Enabling it is two flags — the OIDC issuer and the workload-identity webhook:

# Enable the OIDC issuer and workload identity on the cluster
az aks update \
  --name aks-shop-prod \
  --resource-group rg-shop-prod \
  --enable-oidc-issuer \
  --enable-workload-identity

The federated credential ties a specific service account to a specific managed identity:

# Get the cluster's OIDC issuer URL
ISSUER=$(az aks show -n aks-shop-prod -g rg-shop-prod \
  --query oidcIssuerProfile.issuerUrl -o tsv)

# Federate: trust tokens for service account 'sa-orders' in namespace 'orders'
az identity federated-credential create \
  --name fic-orders \
  --identity-name id-orders-workload \
  --resource-group rg-shop-prod \
  --issuer "$ISSUER" \
  --subject "system:serviceaccount:orders:sa-orders" \
  --audience api://AzureADTokenExchange

Workload identity is the pod-level analogue of the cluster’s managed identity: the same principle — let Azure hold the credential, you hold no secret — applied one layer up, to your application. If you’re stuffing a Key Vault client secret into a Kubernetes Secret, this is the secretless answer, and it pairs naturally with the Azure Key Vault Secrets Store CSI driver.

Architecture at a glance

Read the diagram left to right. Operators and CI/CD run kubectl apply — authenticated by your Entra ID identity, separate from the cluster’s own. They hit the Microsoft-managed control plane, where the cloud controller manager turns manifests into Azure API calls: asked for a LoadBalancer or PersistentVolumeClaim, it authenticates as the cluster identity (a system- or user-assigned MI) and calls Azure Resource Manager to program a Standard Load Balancer, allocate a public IP, or attach a managed disk. Badge 1 is the day-2 trap: on a service-principal cluster, the secret behind this identity can expire and every one of these calls fails at once.

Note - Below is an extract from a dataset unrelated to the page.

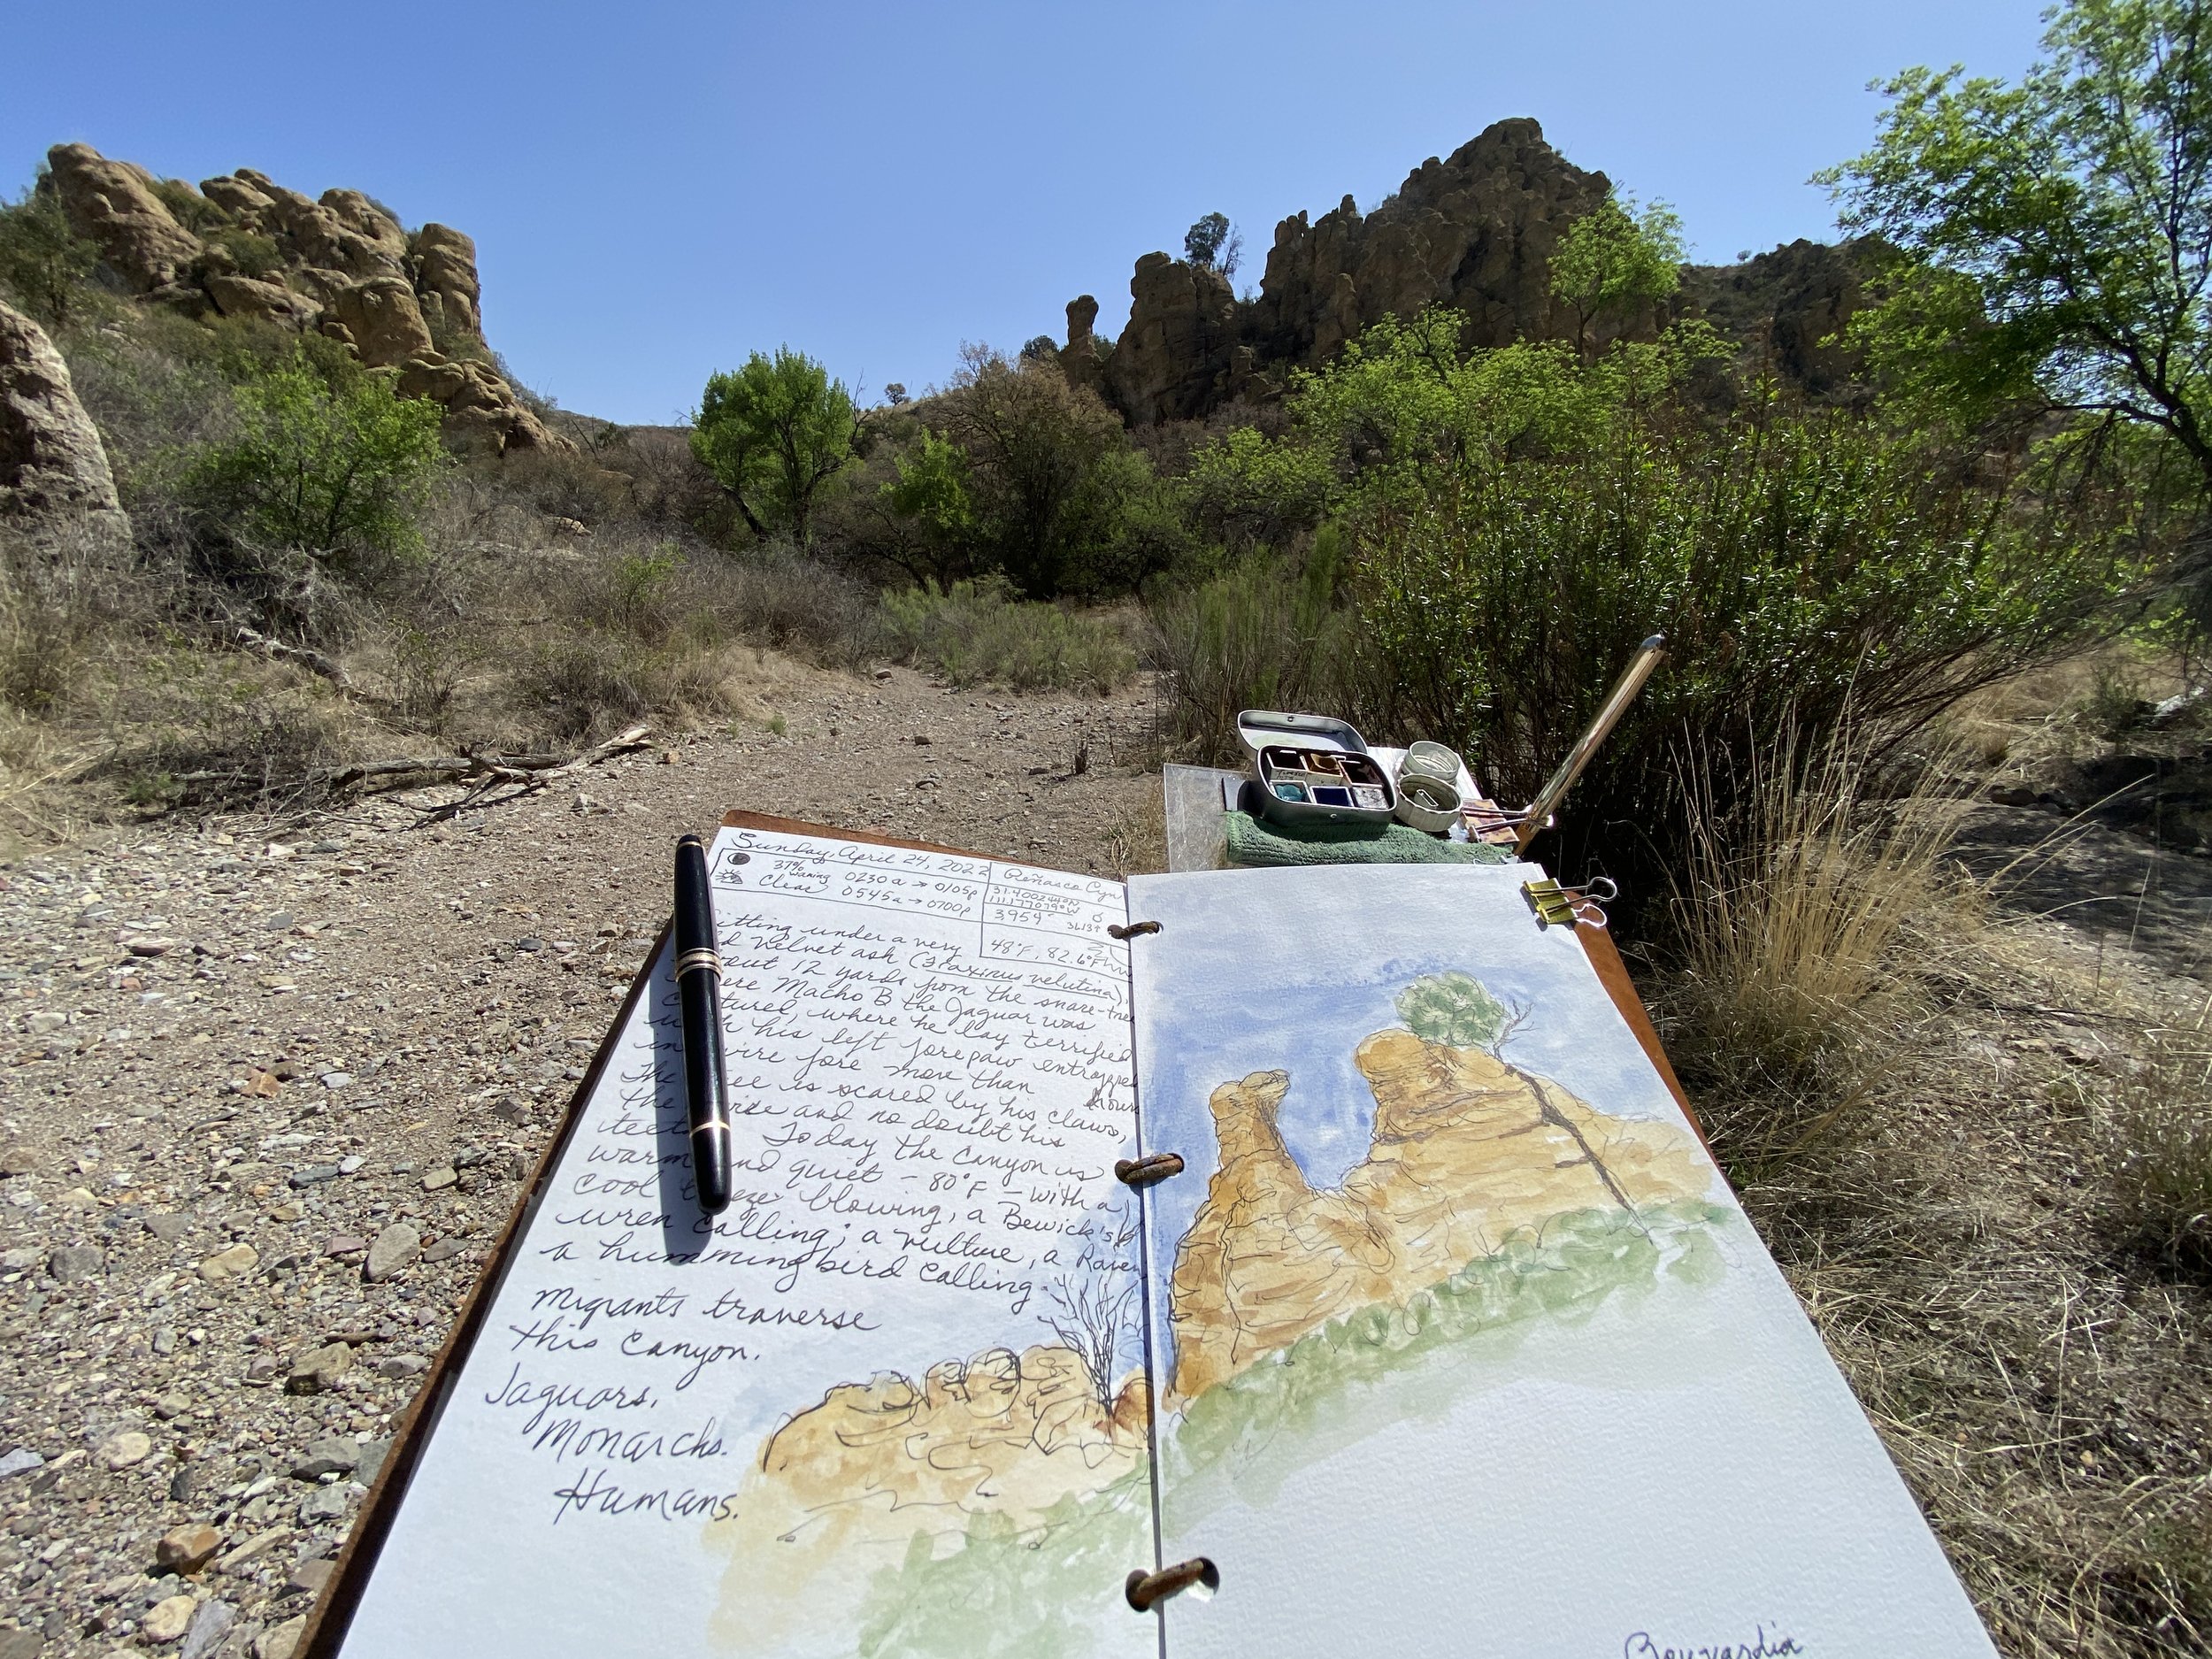 Sketching the entry to the canyon where the snare tree sits by the trail.

Down in the data plane (your node pools, your VNet), two more identities work. The kubelet uses the kubelet identity to pull images from ACR — badge 2 is the ImagePullBackOff when it lacks AcrPull. Separately, your pods use workload identity: a projected service-account token is exchanged via the cluster’s OIDC issuer for an Entra ID token, letting a pod read a Key Vault secret as a user-assigned identity with no stored secret (badge 3). Badge 4 sits on the cluster identity: lacking Network Contributor on the subnet, load-balancer programming fails and the Service hangs on <pending>. The takeaway: three identities, three planes, one principle — the platform holds the credentials so you don’t.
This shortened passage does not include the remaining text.